# Chest area



## cubbysan (Mar 13, 2007)

Do you mean coat wise or structure?

I noticed my Sailor did not really come into coat until she was about 20 months old. Her litter mates came in earlier, but they spend a lot more hours outside, and they also get bathed once a week, while Sailor is an indoor dog and I am lucky if I can bathe her every two or three weeks.



Structure wise, I have heard people say their dog's chest has not dropped yet. I think that might happen at about 18 months.


----------



## bethlehemgolden (Aug 2, 2014)

cubbysan said:


> Structure wise, I have heard people say their dog's chest has not dropped yet. I think that might happen at about 18 months.

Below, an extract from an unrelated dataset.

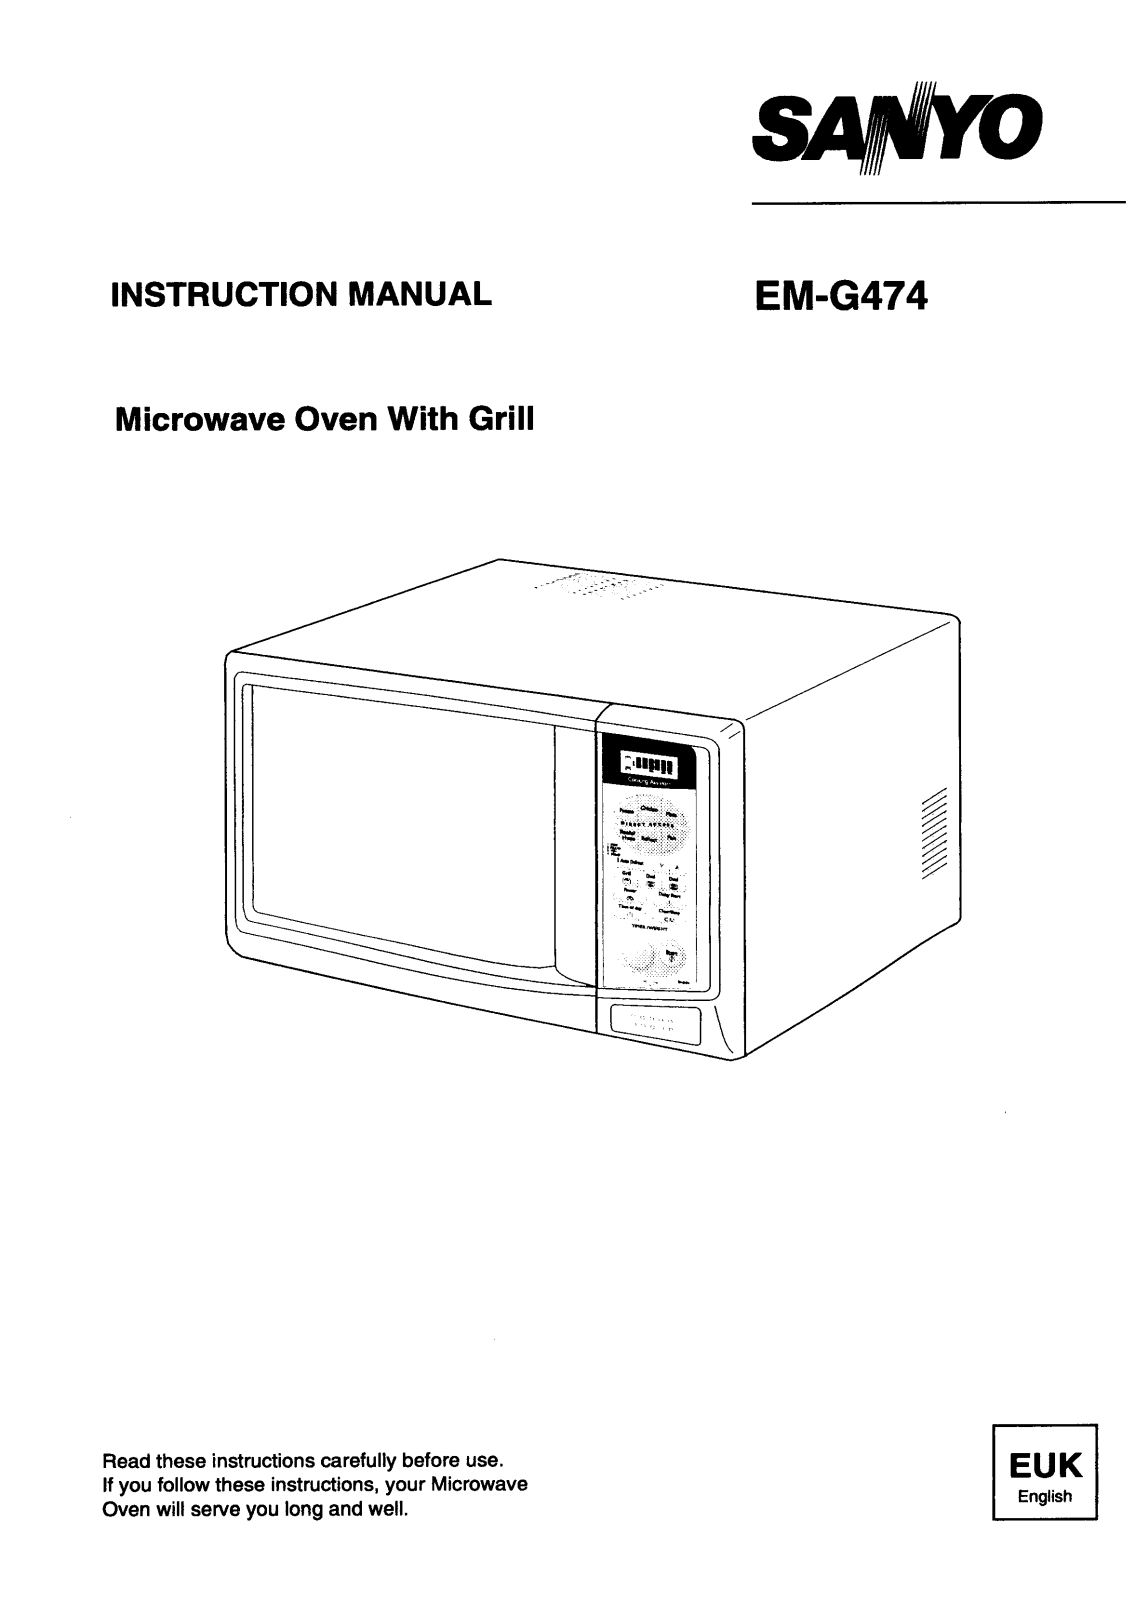 Sanyo EM-G474 Instruction Manual

I'm looking at his structure. His chest just isn't there.


----------



## Kmullen (Feb 17, 2010)

NO, nothing can be done to make his structure better. If it was there at 7-8 weeks, then it will come back eventually.


----------



## bethlehemgolden (Aug 2, 2014)

This was him at 7 1/2 weeks. Thank you for calming me down.


----------



## Kmullen (Feb 17, 2010)

bethlehemgolden said:


> This was him at 7 1/2 weeks. Thank you for calming me down.



Yes this is the bag over the head age! I bet he will even look better at 9-10 months. He was a very nice puppy, so that is good.


----------